Türkiye’de 2004 tarihinden sonra gözaltında kayıp vakalarına rastlanmadığına dikkat çeken Ay, “Ancak siyasal iktidar gözaltında kayıpların akıbetinin bulunabilmesi amacı ile bugüne kadar sembolik bir iki girişim dışında esaslı hiçbir adım atmamıştır. 2009 yılında Başbakanın kayıp yakını anneler ve İHD İstanbul Şube yöneticileri ile yaptığı toplantıda vermiş olduğu sözler yerine getirilmemiştir. Sadece Cemil Kırbayır ve Tolga Baykal Ceylan’ın akıbetlerinin bulunabilmesi amacı ile TBMM İnsan Hakları Komisyonu bünyesinde 2 ayrı alt komisyon oluşturulmuş, bu komisyonların hazırlamış olduğu raporlara uygun olarak hala Cemil Kırbayır ve Tolga Baykal Ceylan’ın akıbetleri ortaya çıkarılamamıştır. Özellikle Cemil Kırbayır dosyasında Kars Cumhuriyet Savcılığı’nın görevini yapmaması ve bu duruma Adalet Bakanlığının seyirci kalması Türkiye’de uygulanan cezasızlığın tipik bir örneğini oluşturmuştur. Bunun dışında Başbakanın söz vermiş olmasına rağmen BM Kayıplar Sözleşmesinin hala imzalanıp onaylanmamış olması siyasal iktidarın en büyük ayıpları arasında sayılabilir.”dedi.

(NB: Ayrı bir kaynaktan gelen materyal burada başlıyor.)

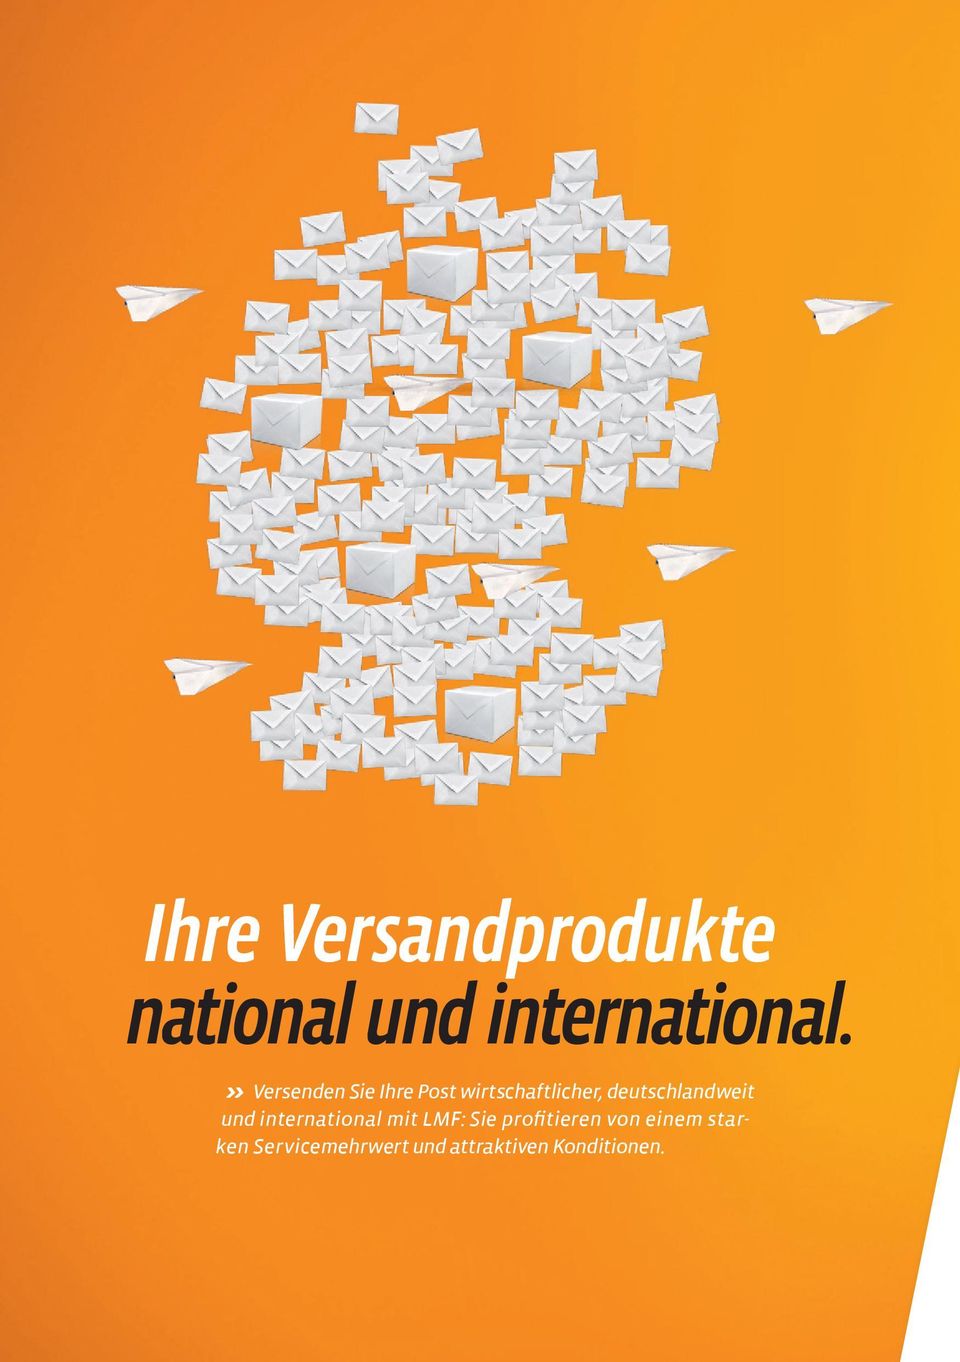 deutschlandweit und international mit LMF: Sie

İHD Kayıplar Komisyonu gözaltında kayıplar ile ilgili zamanaşımı kuralı uygulanmaması ile ilgili olarak kampanyasını sürdürdüğünü hatırlatan Ay, “ Seçimlerden sonra oluşacak Parlamentoya verilecek dilekçelerle insanlığa karşı suçlarda zaman aşımının uygulanmaması için gerekli kanun değişikliklerinin yapılması talep edilecektir. Gözaltında kayıpların akıbetini araştırırken Türkiye’deki toplu mezar gerçeğinden bahsetmemek olamaz. Derneğimizin verilerine göre tespit edilebilen 253 toplu mezarda 3248 kişinin gömülü olduğu tahmin edilmektedir. Bu sayının daha da büyüyeceğinden de endişe edilmektedir. Türkiye’de toplu mezar gerçeği ortaya çıkarılmasına rağmen ilgili savcılıklar toplu mezarların açılmasında BM Minesota Protokolünü ve Kızılhaç’ın ilgili rehberini uygulamakta direnç göstermektedirler. Türkiye’deki en önemli sorunların başında gelen toplu mezarların açılması ve delillerin tespit edilerek faillerin ortaya çıkarılması sorunu bütün yakıcılığı ile devam etmektedir.”diye konuştu.